FS_combas = FS_combas[FS_combas['Typrep'] == 'A']
FS_combas.rename(columns = {'A0b1103000': 'CASH', 
                    'A001100000': 'CA', 
                    'A001000000': 'TA', 
                    'A001124000': 'STD', 
                    'A002113000': 'TP', 
                    'A002100000': 'CL'},
                    inplace=True)

# Calculate characteristics
data = pd.merge(FI_t6[['Stkcd', 'Accper', 'Dep']], 
                FS_combas[['Stkcd', 'Accper', 'CASH', 'STD', 'CA', 'TA', 'TP', 'CL']],
                on = ['Stkcd', 'Accper'],
                how = 'left')

data.fillna(0, inplace=True)
#! Needs interpretation here: Can I use 0 to simply replace the null?

data['acc'] = ((data['CA'] - data['CA'].shift(1))-
                (data['CASH'] - data['CASH'].shift(1))-
                ((data['CL'] - data['CL'].shift(1))-
                (data['STD'] - data['STD'].shift(1))-
                (data['TP'] - data['TP'].shift(1)))-
                data['Dep'])/\
                data['TA']

# factor values
data['absacc'] = abs(data['acc'])

data['agr'] = (data['TA'] - data['TA'].shift(1)) / data['TA'].shift(1)

(4) $beta$: We estimate stock-level beta using weekly returns and value-weighted market returns for three years ending month $t − 1$ with at least 52 weeks of returns.

(5) $betasq$: Stock-level market beta squared

In [None]:
# read files
file_path = 'TRD_Weekm/TRD_Weekm.csv'
TRD_w = pd.read_csv(os.path.join(data_path, file_path))

# # Combine all data files
# file_list = ['TRD_Week/TRD_Week.csv', 'TRD_Week/TRD_Week1.csv', 'TRD_Week/TRD_Week2.csv']
# # Then delete the .csv file
# TRD = pd.DataFrame()
# for inputfile in file_list:
#     f = open(os.path.join(data_path, inputfile))
#     df_c = pd.read_csv(f)
#     df_m = pd.DataFrame(df_c)
#     TRD = pd.concat([TRD, df_m])

# TRD.reset_index(inplace=True)
# TRD.to_feather(os.path.join(data_path, 'TRD_Week/TRD_Week.ftr'))

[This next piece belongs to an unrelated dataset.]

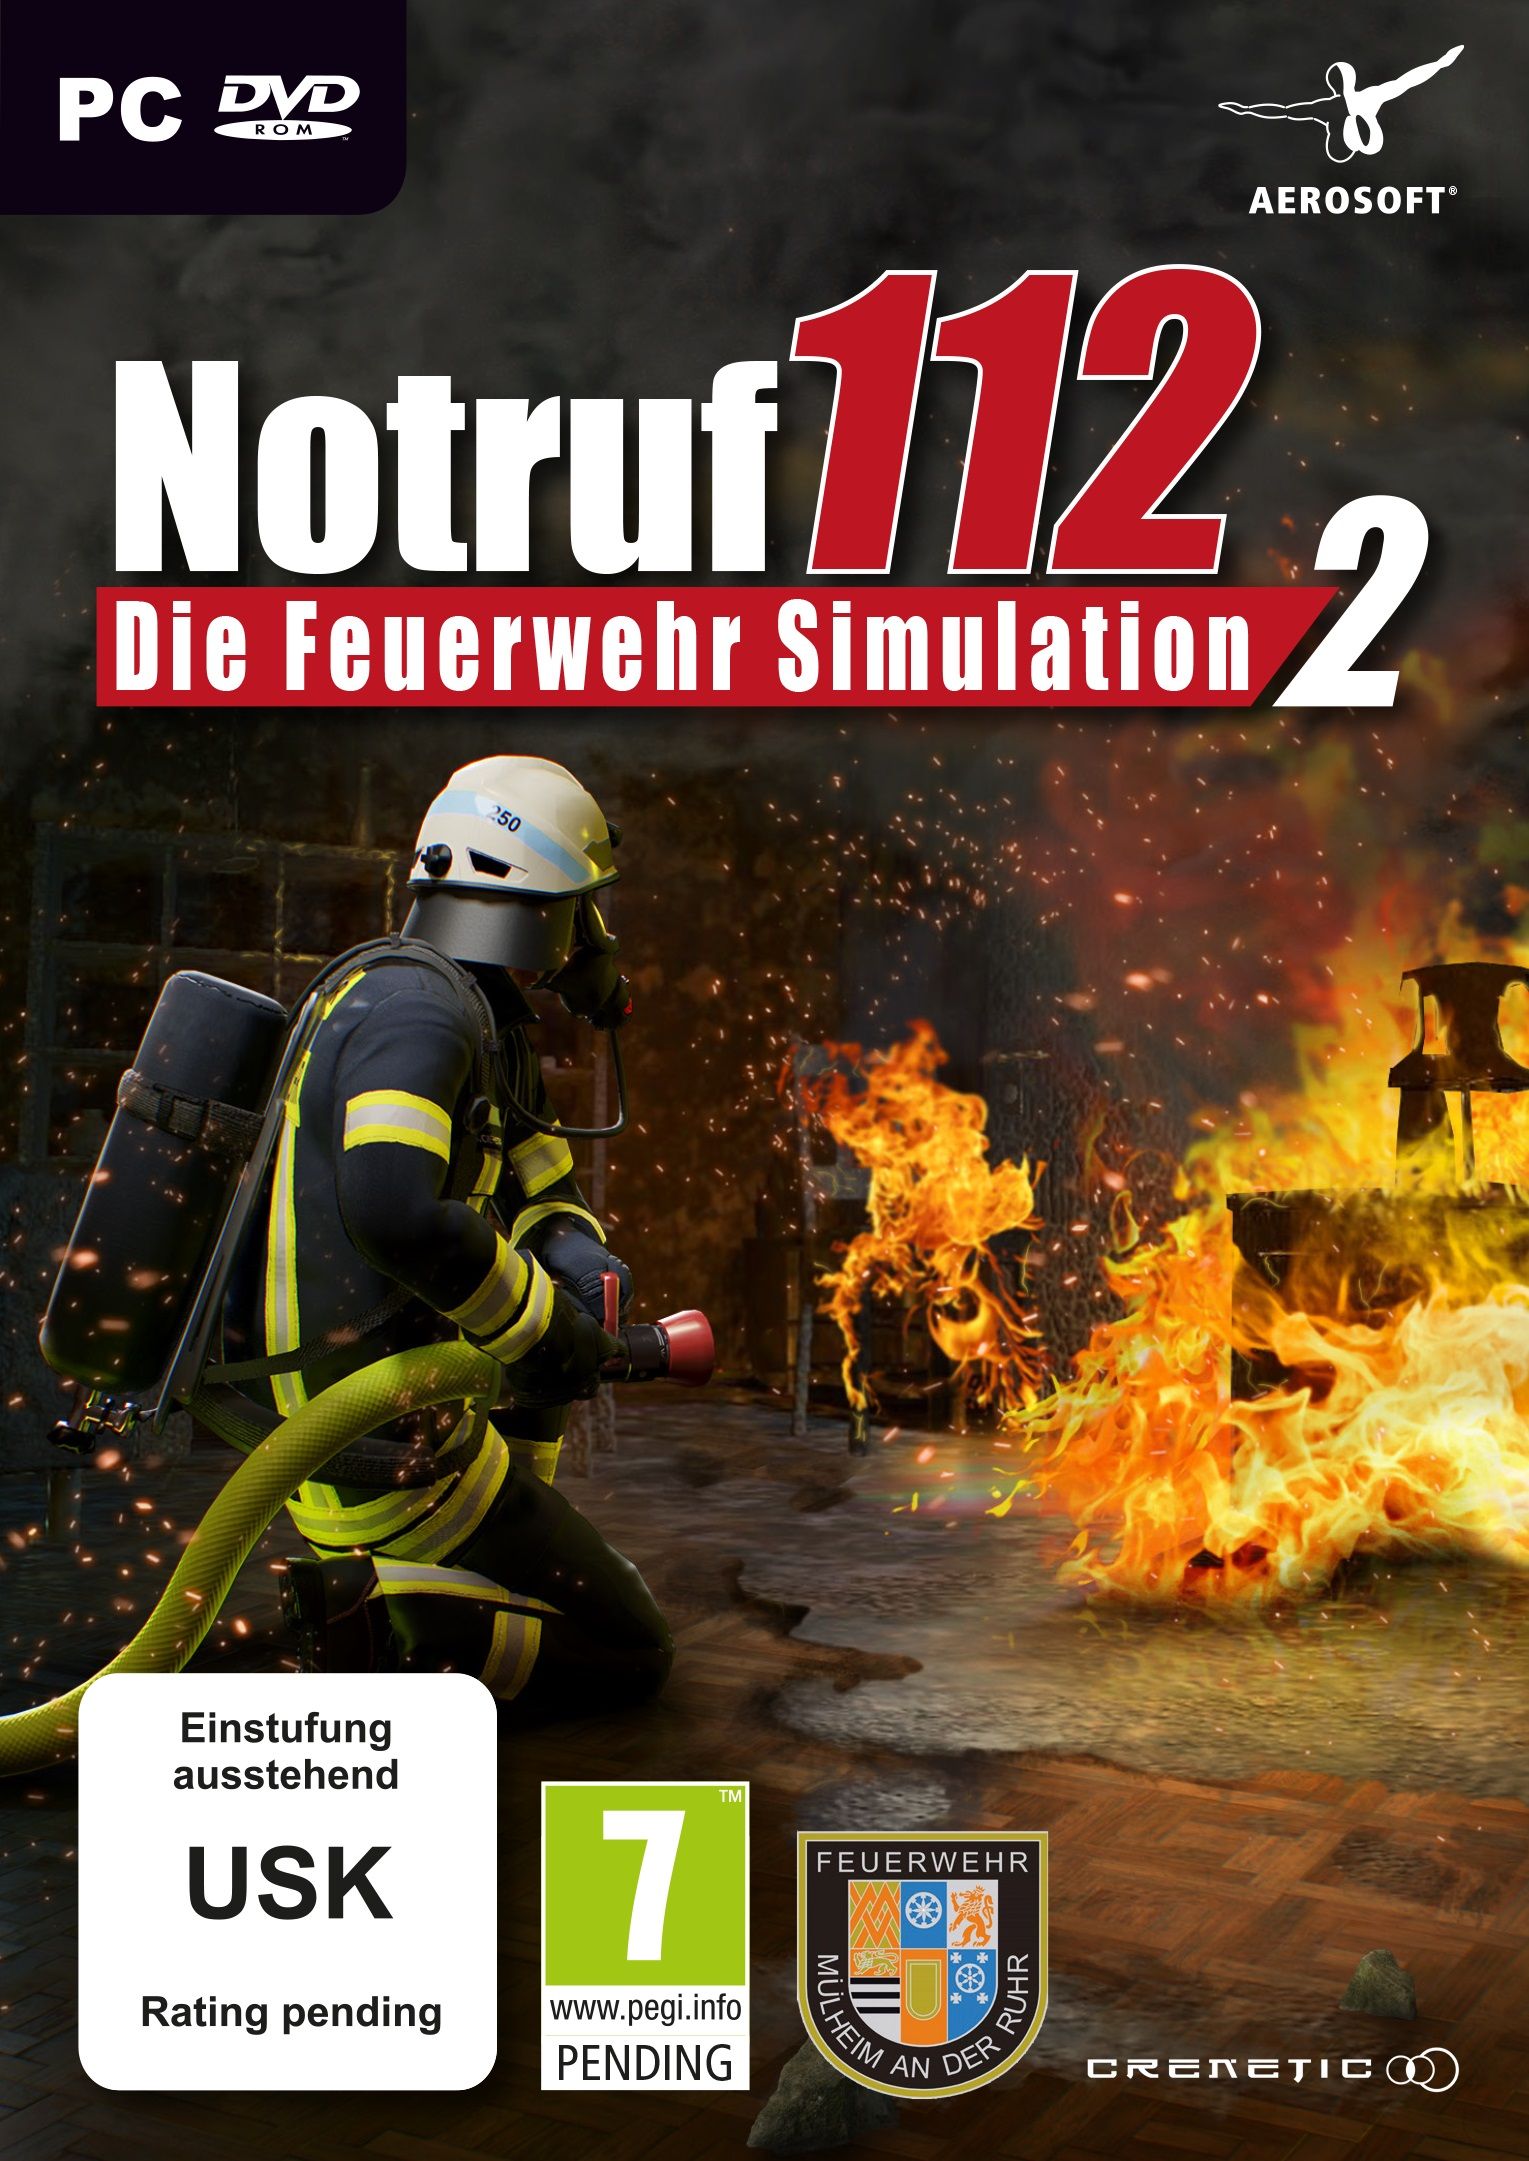 Notruf 112 - Die Feuerwehr Simulation 2 [PC] (D) - Thali

file_path = 'TRD_Week/TRD_Week.ftr'
TRD = pd.read_feather(os.path.join(data_path, file_path))

# calculate stock return
TRD['returns'] = TRD['Wclsprc']/TRD['Wopnprc'] - 1

# merge two dataset
TRD_w = TRD_w[TRD_w['Markettype'] == 53]
TRD = pd.merge(TRD, TRD_w[['Trdwnt', 'Cwretmdos']], on='Trdwnt', how='left')

# datetime processing
TRD['Trdwnt'] = TRD['Trdwnt'].str[:4]+TRD['Trdwnt'].str[5:]
TRD['Trdwnt'].astype(int)
TRD['LastDayWeek'] = pd.to_datetime((TRD['Trdwnt']).astype(str)+'6', format="%Y%U%w")
TRD['year'] = TRD['LastDayWeek'].dt.year
TRD['month'] = TRD['LastDayWeek'].dt.month
TRD['YearMonth'] = TRD['year']*100+TRD['month']

# calculate beta
def cal_beta(stock,market):
    beta, alpha, r_value, p_value, std_err = stats.linregress(market, stock)
    return beta

# final factor value
Beta = TRD.groupby(['Stkcd', 'YearMonth']).apply(lambda x: cal_beta(x.returns, x.Cwretmdos))

(6) $bm$: Book-to-market ratio. Data are directly aquired from CSMAR.

(7) $bm\_ia$: The industry-adjusted book-to-market ratio.

In [None]:
# read file
file_path = 'FI_T10/FI_T10.csv'
FI_t10 = pd.read_csv(os.path.join(data_path, file_path))

# get industry average book-to-market ratio
FI_t10['Ind'] = FI_t10['Indcd'].str[0]
FI_t10.rename(columns={'F101001A': 'bm'}, inplace=True)
df_t10 = FI_t10[['Ind', 'Accper', 'bm']].groupby(['Ind', 'Accper']).mean()

df_t10.reset_index(inplace=True)
df_t10.rename(columns={'bm': 'bm_ind'}, inplace=True)
FI_t10 = pd.merge(FI_t10, df_t10, on=['Ind', 'Accper'], how='left')

# factor values
FI_t10['bm_ia'] = FI_t10['bm'] - FI_t10['bm_ind']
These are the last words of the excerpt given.